IAS Issues Threat Alert Regarding The Latest Digital Ad fraud Scheme

The industry’s key weapon against ad fraud has been compromised, allowing fraudsters to pilfer media spend. Ad. txt files were ideally launched three years ago by the IAB’s Tech Lab to help the ad industry combat ad fraud but instead has become a conduit for it. 

It is an initiative to improve transparency in programmatic advertising. The tool was introduced by IAB for publishers and distributors to list all companies that are authorized to sell ads. Essentially, it will also show when an advertiser buys ads directly from the publishers or authorized ad tech vendors and also highlight those sites that do not use an ads.txt file.

However, in reality, since the ad.txt tool launched, fraudsters have exploited the opportunity where the buyers do not check the lists with bots that generate fake browser data and create fabricated URLs in order to steal advertiser’s media spend. 404bot is the perfect example of this type of fraud.

This botnet involves a practice called domain spoofing, where the fraudster impersonates the publisher’s webpage. However, the 404bot holds no inventory. Domain spoofing allows slipping nonexisting URL into approved domain lists. To avoid any detection, the fake URL is a combination of two existing URLs. 

Now spoof domains are receiving ad calls, the challenge is to deceive the audience to ‘ watch’  the video ads. For this, 404 takes advantage of a Bunitu Trojan. The Trojan infects internet users with malware that allows fraudsters to connect to their devices. Once connected, the fraudster can use the infected ID to generate ad calls that appear from legitimate sources. The whole process of buying ads from the seller and inventory appears to be legitimate while there is nothing in reality.

Integral Ad Science(IAS) has uncovered the bot scheme that has affected many high and low publishers which have one thing in common: large ads txt list and has stolen at least US$15 million of advertiser’s money- a number that continues to grow. 

The fraud scheme is similar to 3ve and Hyphbot, the main signature of the 404bot is extensive domain-spoofing, where URL is fabricated at browser level which means the data from the browsers is fake. 404bot has been building networks gradually over the years ensuring that they are not easily detectable to the human eye.

Botnet’s Origin:

The IAS Threat Lab first spotted a rise in domain spoofing activity in 2018. Evgeny Shmelkov, head of the IAS Threat Lab said,

“We detect bots and protect our customers from their effects every day. The 404bot has been active since 2018 and its unchecked growth now warrants industry action.”

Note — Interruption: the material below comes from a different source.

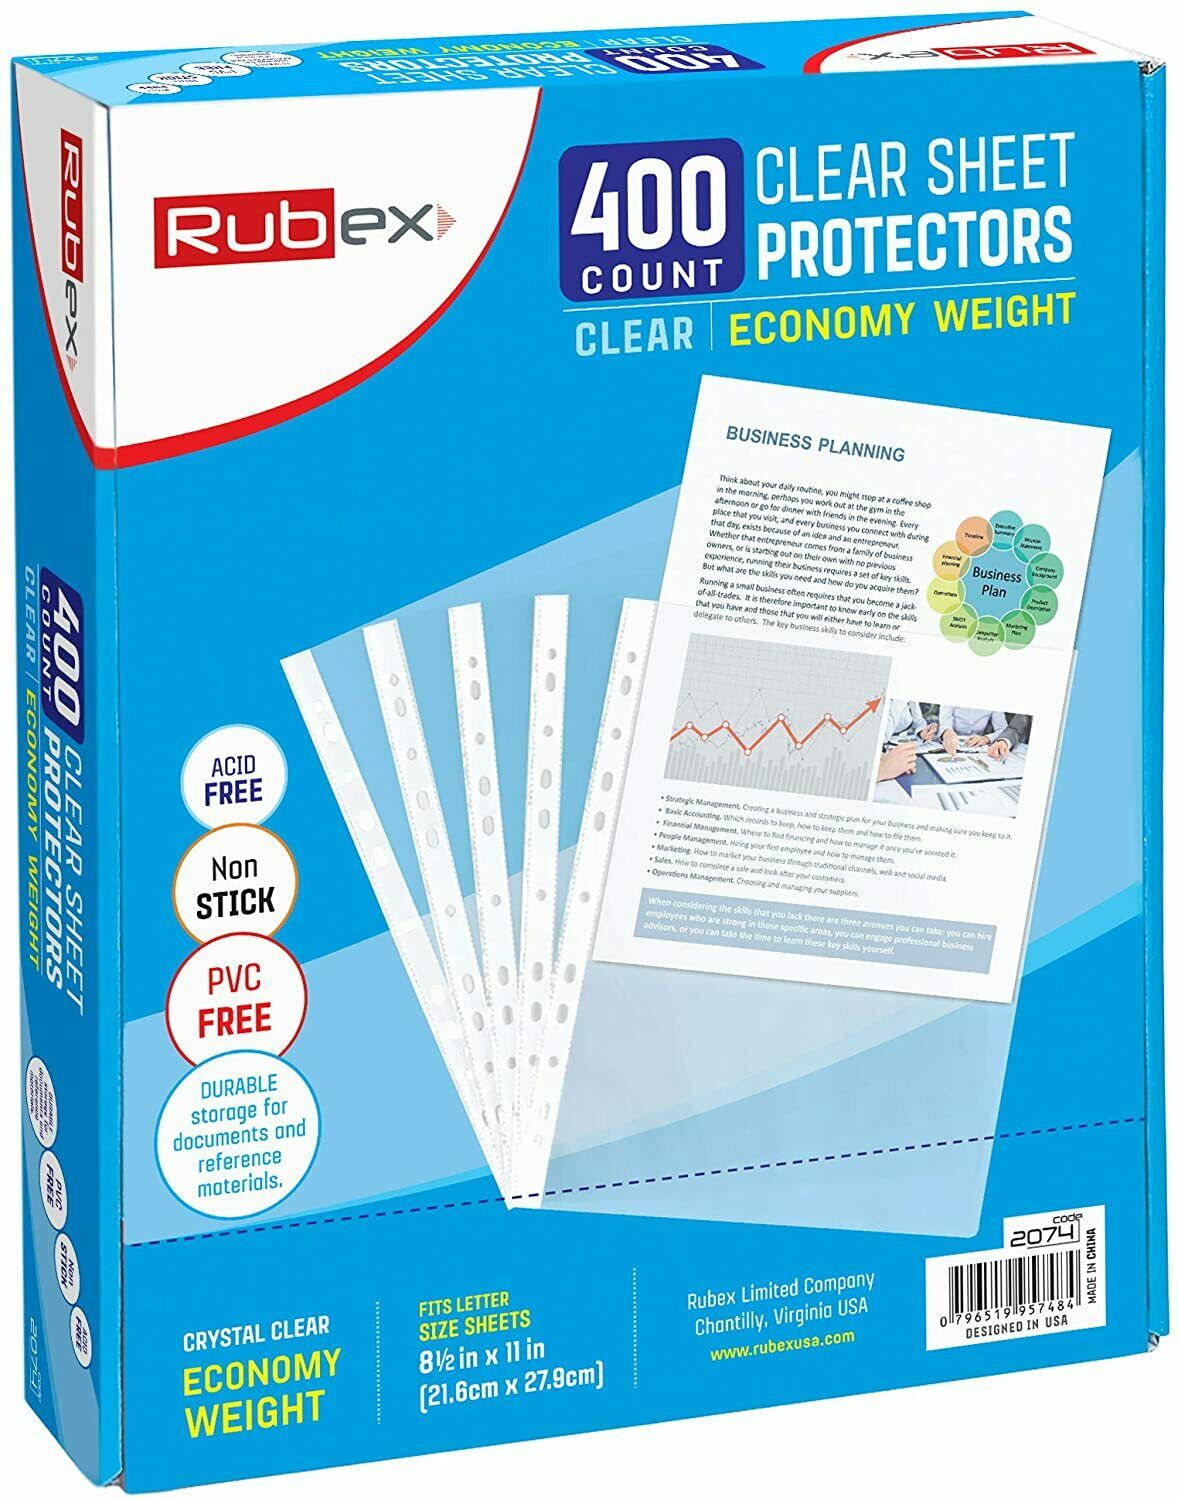 400 Sheet Protectors 8.5 x 11 Inches - Clear Plastic Sheet

In September 2018, the botnet activity increased and remained high till the start of November 2018, when it abruptly dropped. However, around the same time another botnet, 3ve was taken down by cybersecurity and ad verification firm White Ops. IAS assumed both events were related, but the timing of 3ve takedown didn’t match with the drop in activity of the botnet it was monitoring. After 5 months of low activity, 404bot traffic increased again in mid-April, 2019 and then dropped in September 2019.

                                                                                                                        

In its white paper, IAS explains,

“We can only hypothesise the true reason for this subsequent drop in activity of the botnet, but based on/ previous observation, we know that 404bot activity could spike again at any time.”

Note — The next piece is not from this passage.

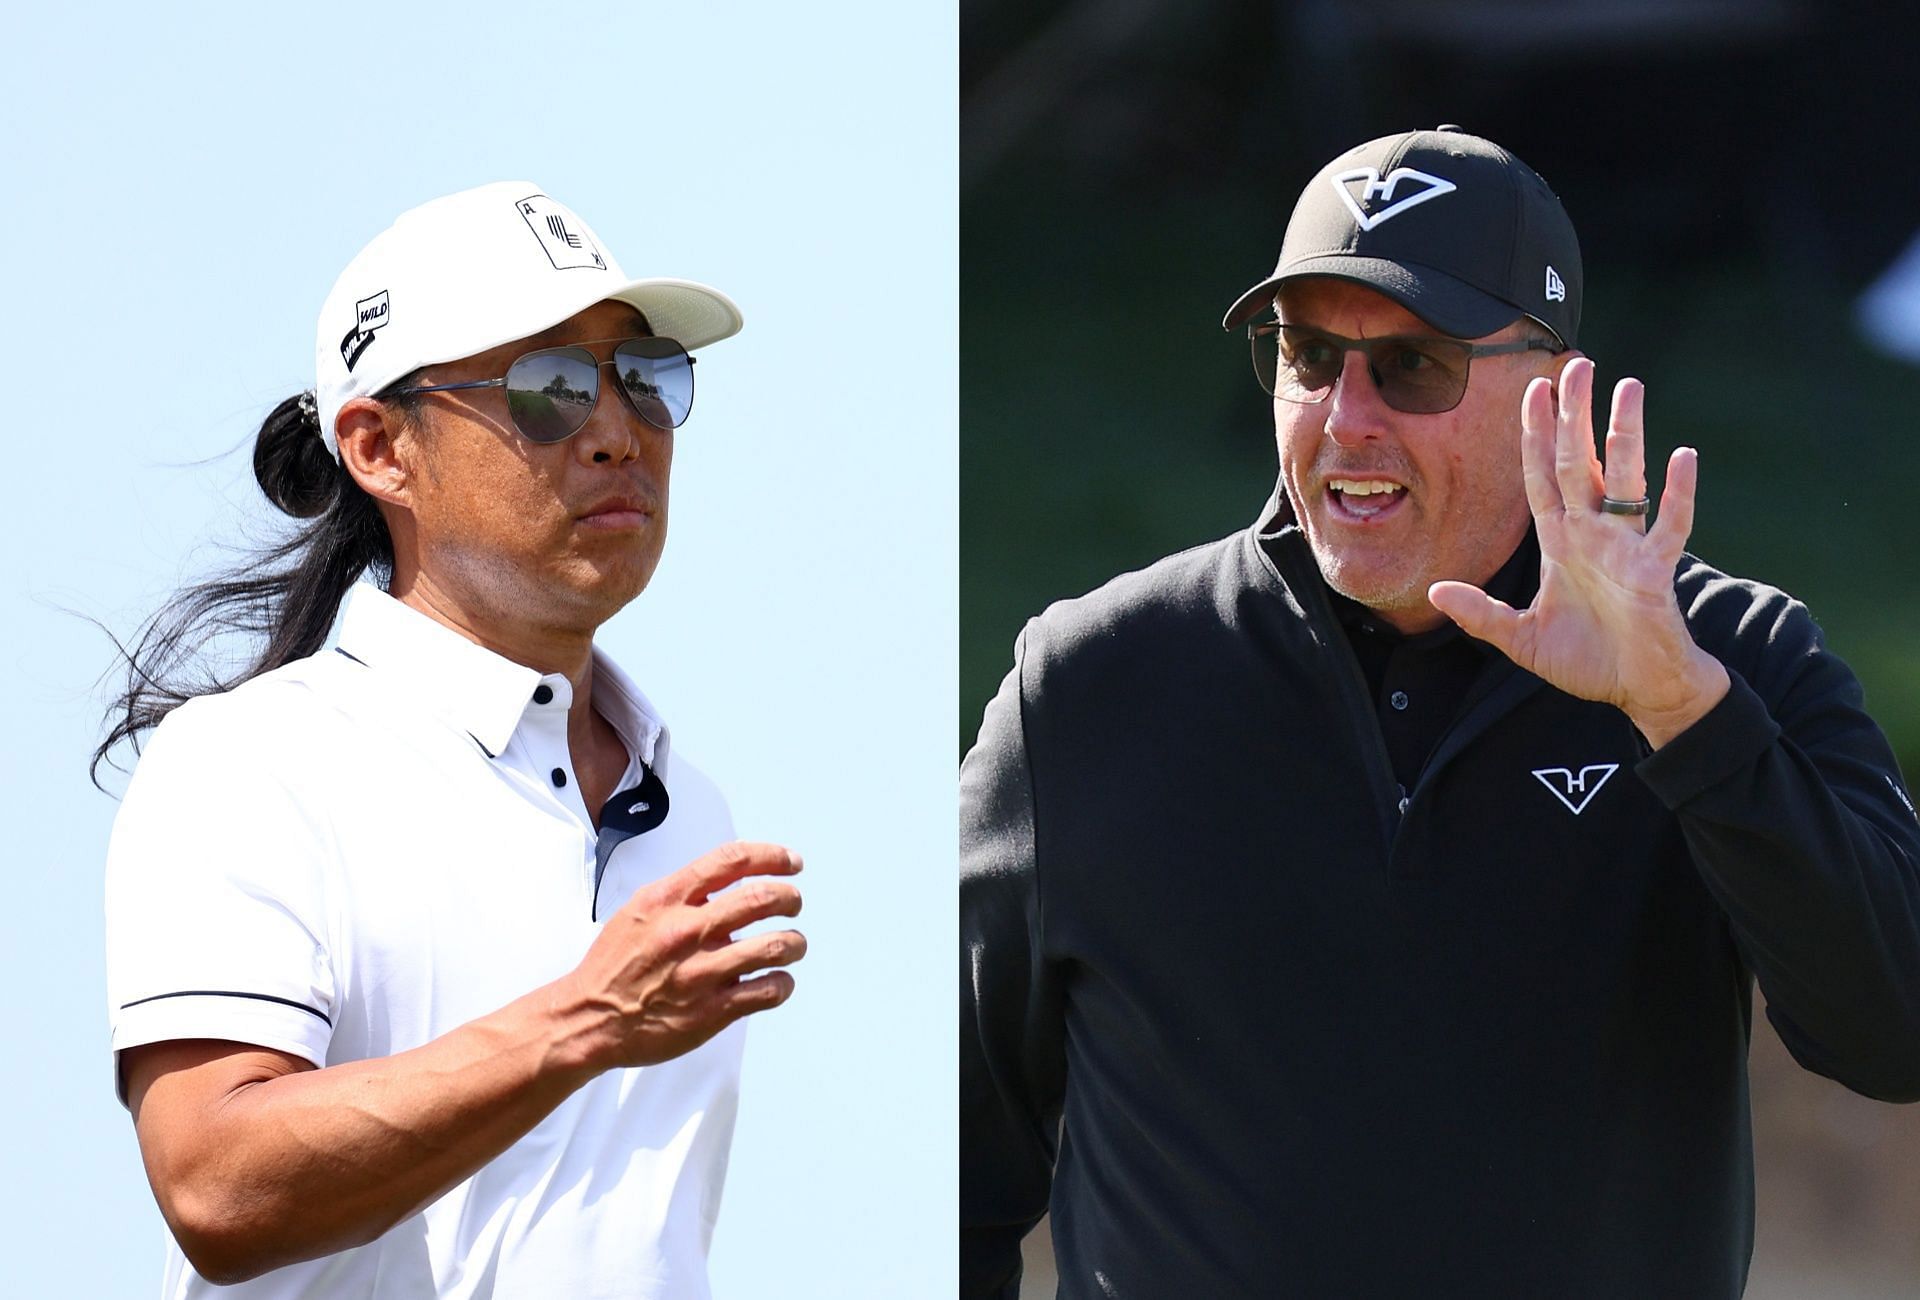 Anthony Kim and Phil Mickelson

Conservative estimates suggest that 404bot’s activity between April 2019 to September 2019 affected over 600 million ads. It has affected over 1.5 billion video ads across the U.K, the U.S.A, Canada, and Australia. Assuming video ads price in a single-digit dollar, an average individual fraudster makes at least $15 million a year.

Drawbacks of Ads.Text files

The 404bot capitalizes on unaudited ads.text files and its vulnerabilities. Meanwhile, ads.txt files continue to be longer and become an easier place for fraudsters to hide. The longer the ads.txt list, the harder to audit for unauthorized sellers. According to IAS, the only link between all publishers that were impersonated by the bot was that they all had long lists of ad tech vendors in their ad.txts files. Evgeny Shmelkov said,

“This discovery left us wondering if publishers were not properly vetting resellers, or if they were simply using Ads.txt on their websites as a formality. The former, if true, defeats the core purpose of Ads.txt’s existence.” 

“We are learning from this bot that it is crucial to continuously audit and update Ads.txt files.”

The IAS threat lab detects bots regularly and to reduce unnecessary panic, it refrains to divulge details from every discovery. However, due to no sign of 404bot shutting down, IAS is sharing details to help other players in the ad-tech ecosystem to clean up the inventory. They are closely working with publishers and IAB Tech Lab to improve the ads.txt model to limit frauds like 404bot. 

Meanwhile, Dan Larden, managing partner of product and partnerships at programmatic agency Infectious Media said, companies buying and selling media aren’t set up properly to audit any trade. He further added,

“Programmatic advertisers need to be pushing ad tech vendors for more log-level data so that they can see where the wastage is on the media that’s being bought.”